Damit ich etwas ändere? Das wäre ja noch schöner! Schließlich habe ich mich lange genug mit Autorisierungen beschäftigen müssen, bei denen die Damen und Herren nicht nur ihre Antworten, sondern auch ihre Fragen umgeschrieben haben wollten.

Fußnoten

Fußnoten
1 Wäre die „taz“ ein Spukschloss, würde der Schriftsteller und Redakteur sowie Teilzeithausmeister und Philosoph als Eule unter dem Giebel wohnen

3 Kommentare

  1. Schönes Interview! Aber jetzt will ich es endlich auch mal genau wissen. Überall liest man vom legendär miesen Taz-Gehalt. Aber wie viel isses denn nu?!

  2. @Chinaski:

    Weiß ich auch nicht, aber es gehört, glaube ich, viel Idealismus dazu, auf Dauer dort zu arbeiten. Viele bekannte Leute – wie Ines Pohl oder Deniz Yücel – haben die taz als Sprungbrett für besser bezahlte Posten genutzt. 40 Jahre in dem Job sind schon krass.
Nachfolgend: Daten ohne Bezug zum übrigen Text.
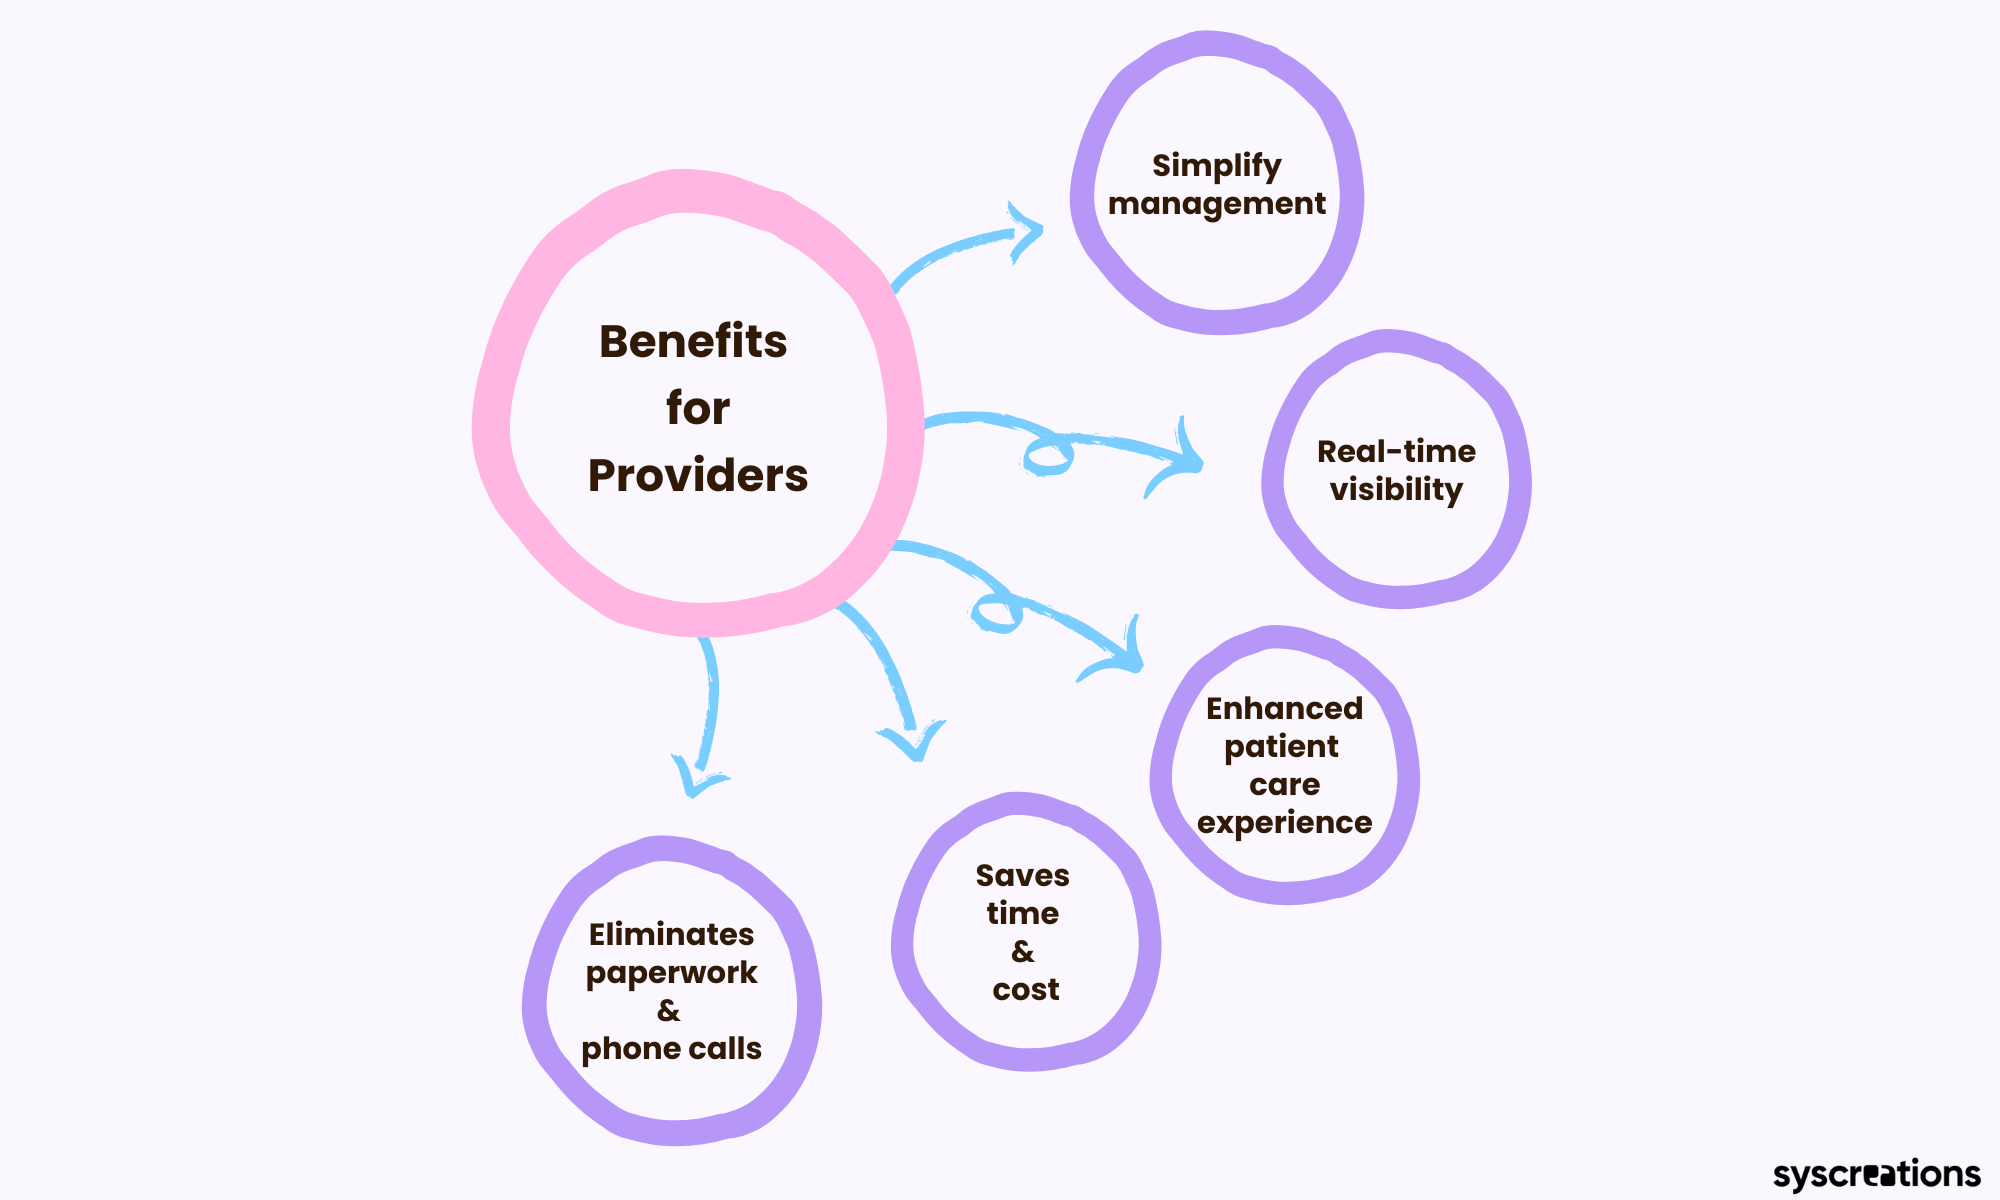 App benefits for providers

    Schaut man auf Journalisten wie Herrn Hillenbrand, ist das die Treue zu einem Projekt, die man nur bewundern kann. Schaut man auf den Laden als ganzes, ist es Selbstausbeutung – ein Modell, dass in der linken Publizistik leider keine Seltenheit ist (aber wie will man das ändern, wenn die Finanzen es nicht hergeben?). Habe in den Nullerjahren als Freier für eine linke Wochenzeitung gearbeitet und bekam für einen langen Artikel (locker zwei Tage Arbeit) 70 Euro. Leben kann man davon nicht.

    Davon ab: Das Interview ist wirklich schön. Ein reflektierter Rückblick in die Geschichte der taz ohne Verklärung auf der einen oder Zorn auf der anderen Seite.

  3. Oft noch witziger als die Titel sind die Bildunterschriften.
    Wer macht die?
    Auf Seite 1 war es bestimmt auch Klaus Hillenbrand. Alles Gute!